Databricks Runtime 5.2 ML is built on top of Databricks Runtime 5.2. For information on what’s new in Databricks Runtime 5.2, see the Databricks Runtime 5.2 (unsupported) release notes. In addition to library updates, Databricks Runtime 5.2 ML introduces the following new features:

  • GraphFrames now supports the Pregel API (Python) with Databricks’s performance optimizations.

  • HorovodRunner adds:

    • On a GPU cluster, training processes are mapped to GPUs instead of worker nodes to simplify the support of multi-GPU instance types. This built-in support allows you to distribute to all of the GPUs on a multi-GPU machine without custom code.

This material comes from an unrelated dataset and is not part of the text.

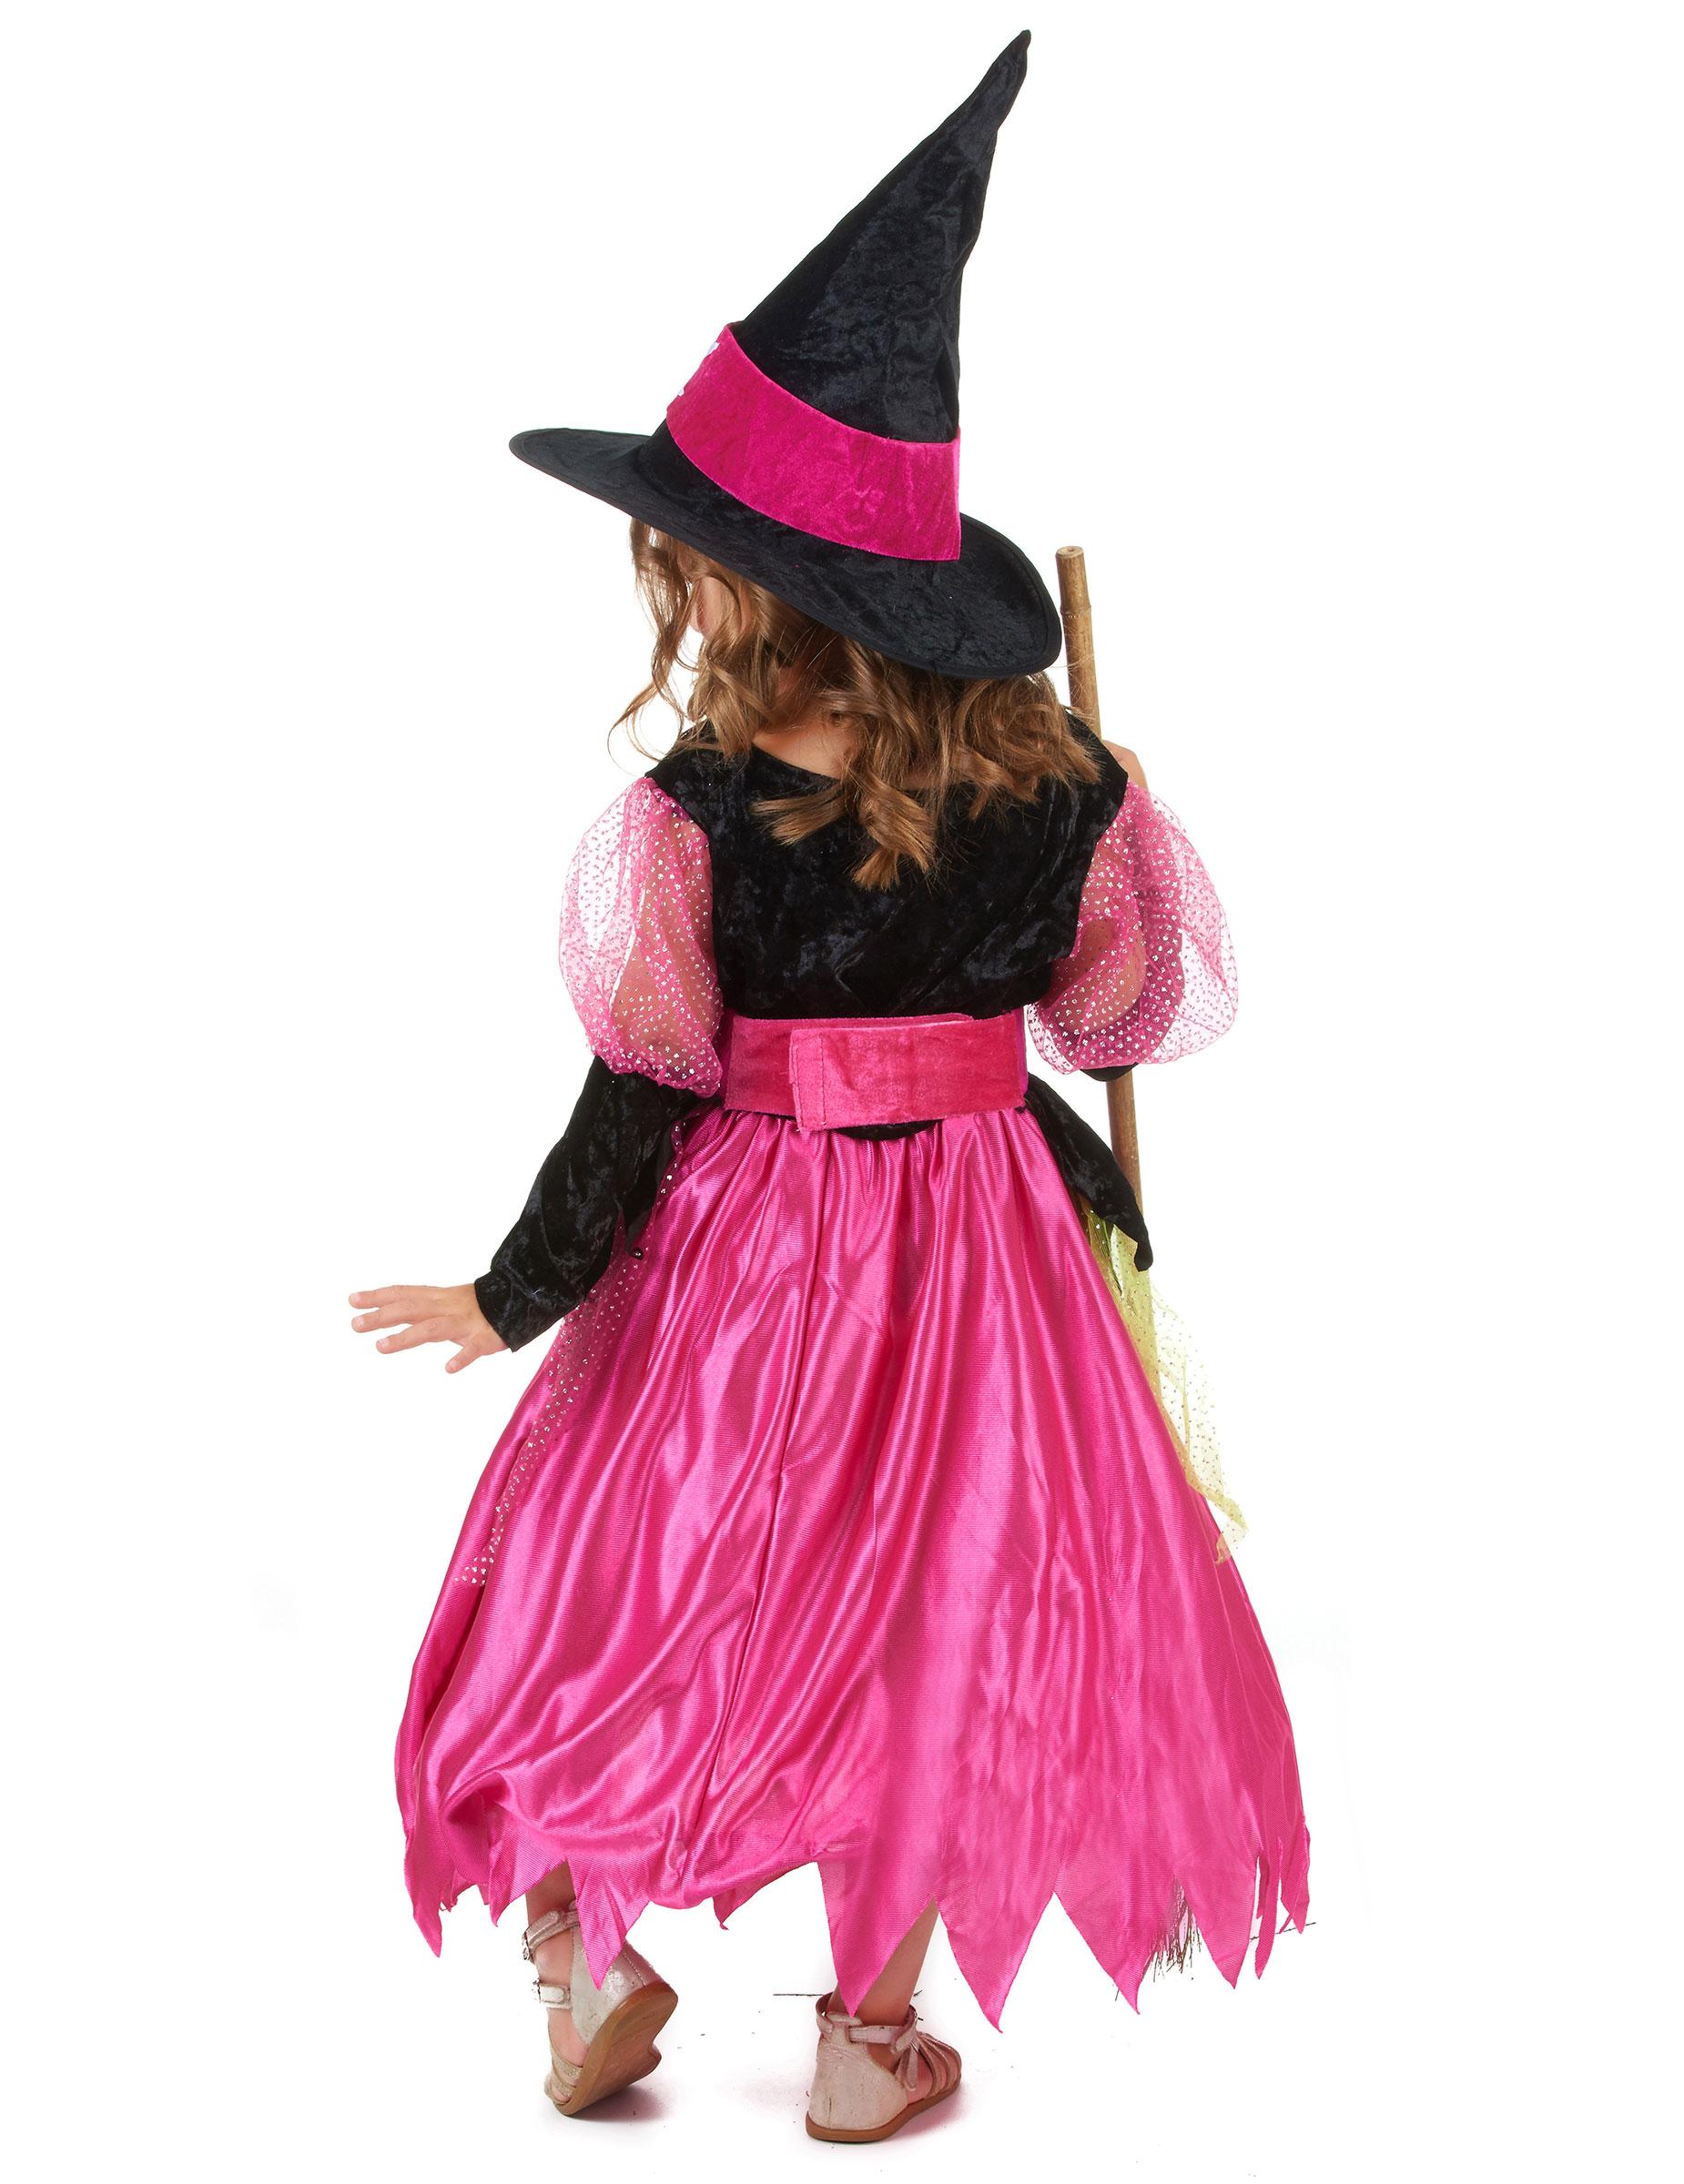 Disfraz de bruja para niña ideal para Halloween: Disfraces niños,y ...

    • HorovodRunner.run() now returns the return value from the first training process.

Note

Databricks Runtime ML releases pick up all maintenance updates to the base Databricks Runtime release. For a list of all maintenance updates, see Maintenance updates for Databricks Runtime (archived).

System environment

The system environment in Databricks Runtime 5.2 ML differs from Databricks Runtime 5.2 as follows:

  • Python: 2.7.15 for Python 2 clusters and 3.6.5 for Python 3 clusters.

  • DBUtils: Databricks Runtime 5.2 ML does not contain Library utility (dbutils.library) (legacy).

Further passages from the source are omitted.